▸ EXERCISE DIRECTIONS: Leave every picture out and print exactly the lines that run from the one containing "Gramicci G-Shorts Double-Ringspun" to the end of the listing.

▸ THE DATA:
--------
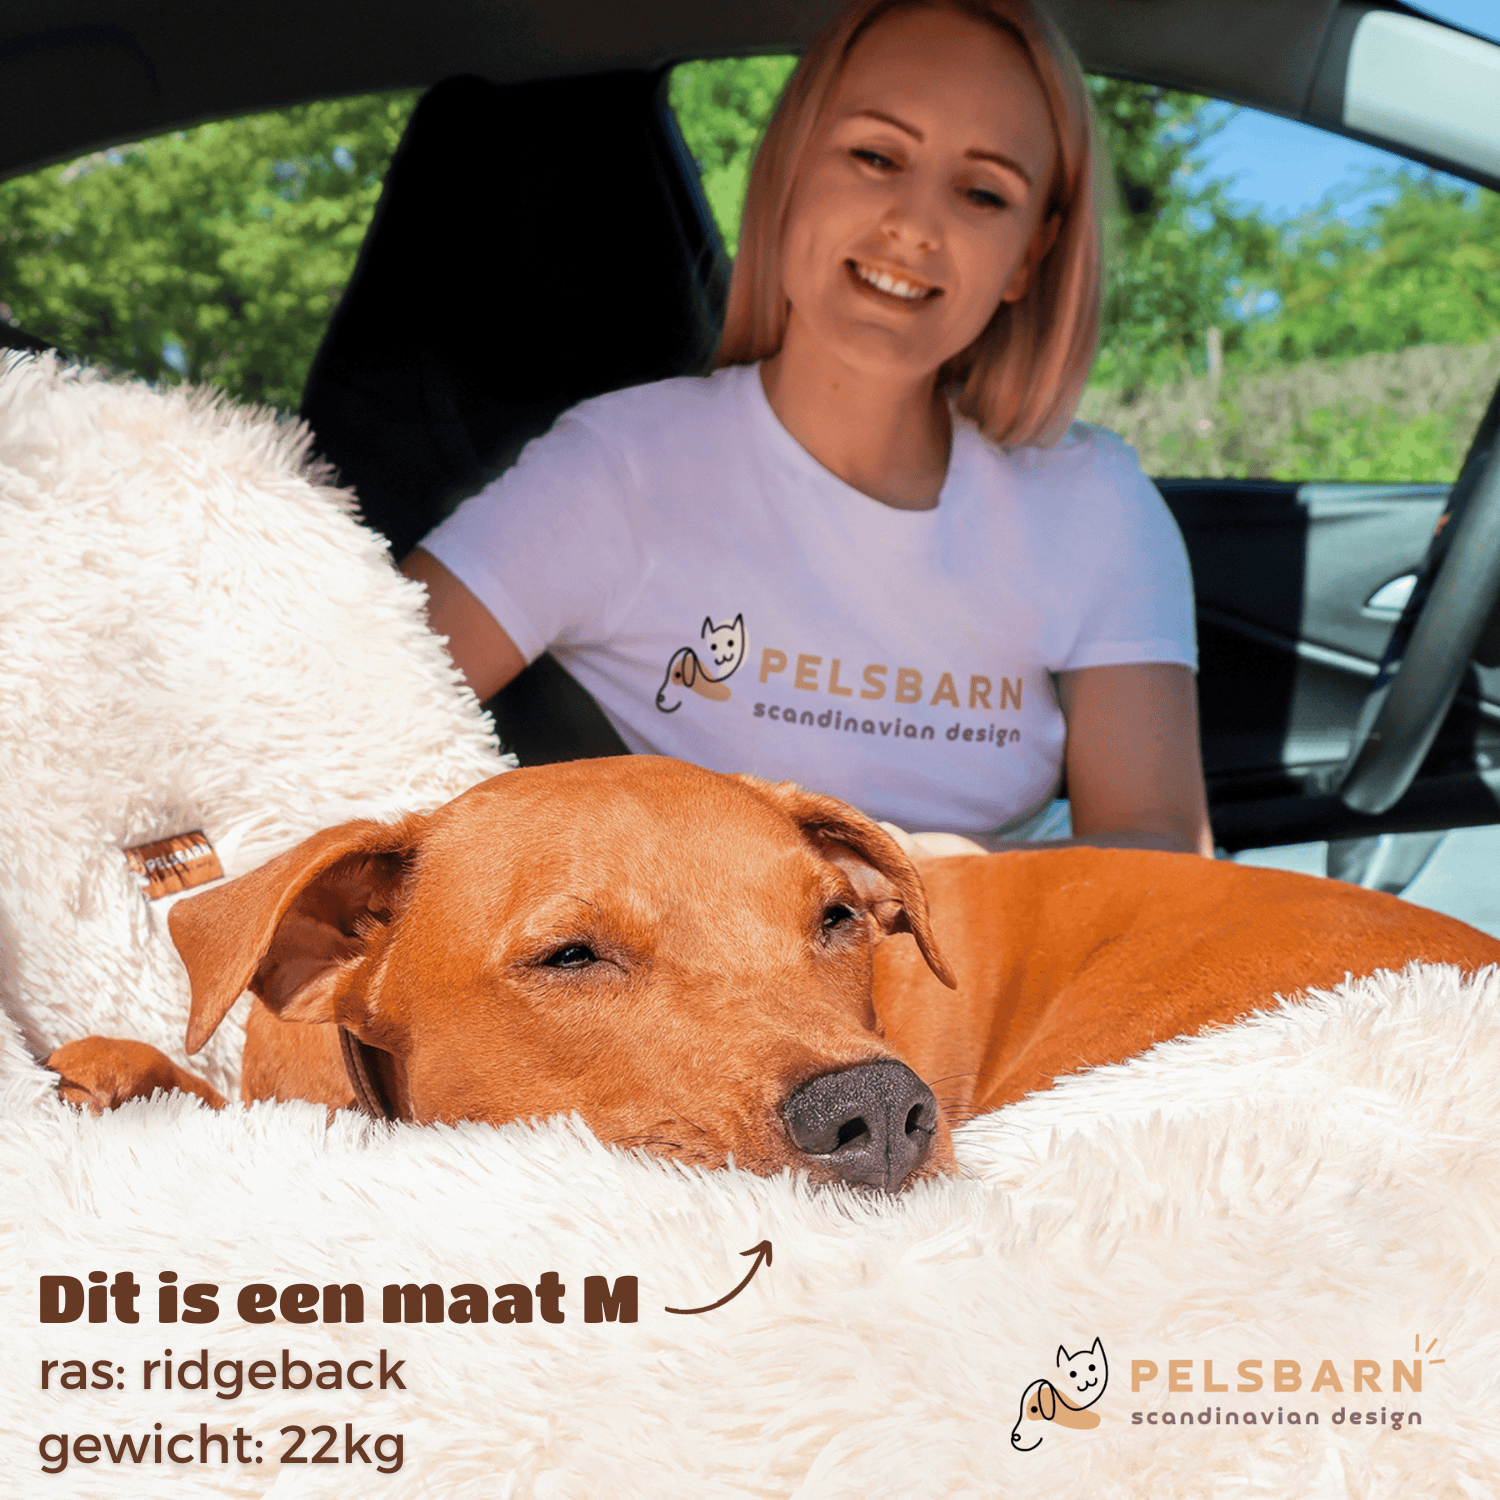 Pelsbarn car dog bed (2-in-1)
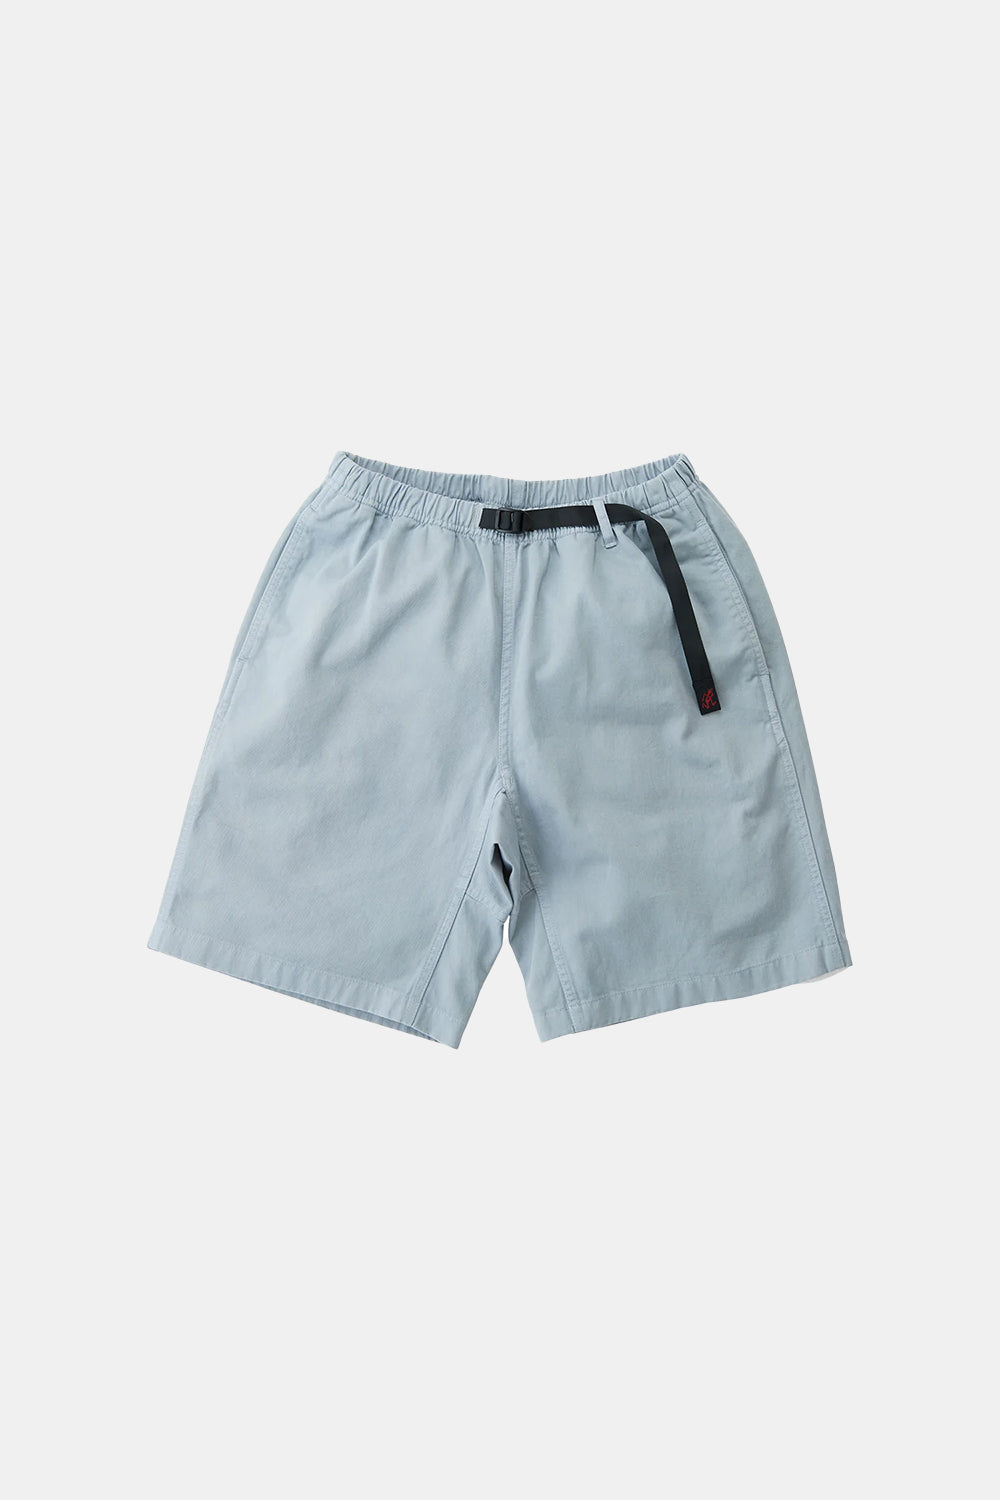 Gramicci G-Shorts Double-Ringspun Organic Cotton Twill (Smokey Blue)
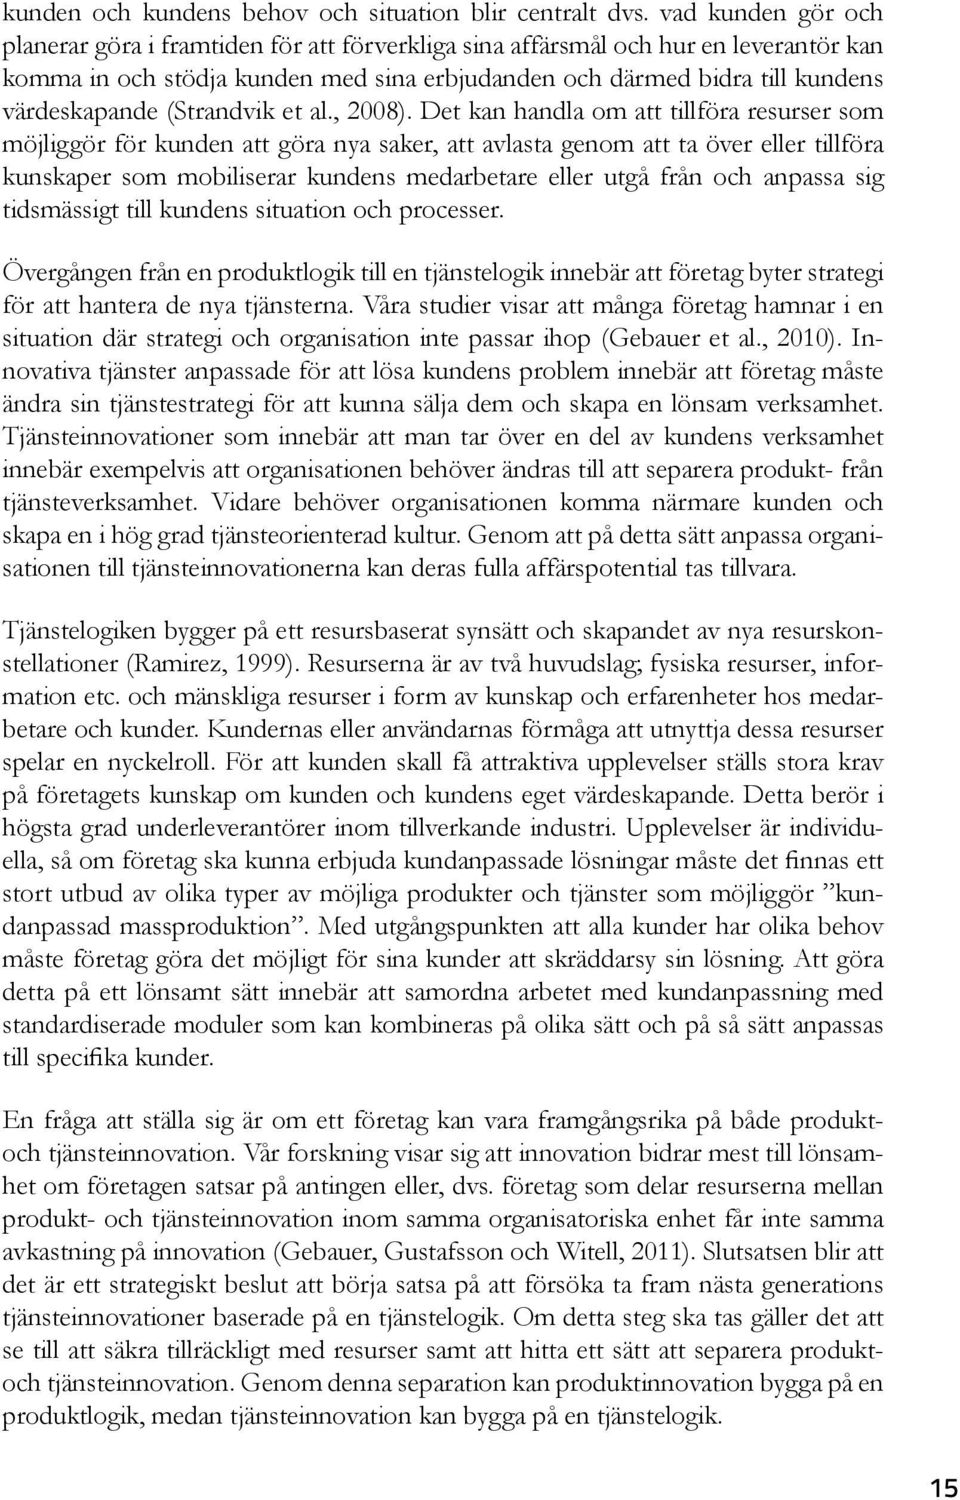 (Strandvik et al., 2008).
--------
▸ EXPECTED ANSWER:
 Gramicci G-Shorts Double-Ringspun Organic Cotton Twill (Smokey Blue)
 (Strandvik et al., 2008).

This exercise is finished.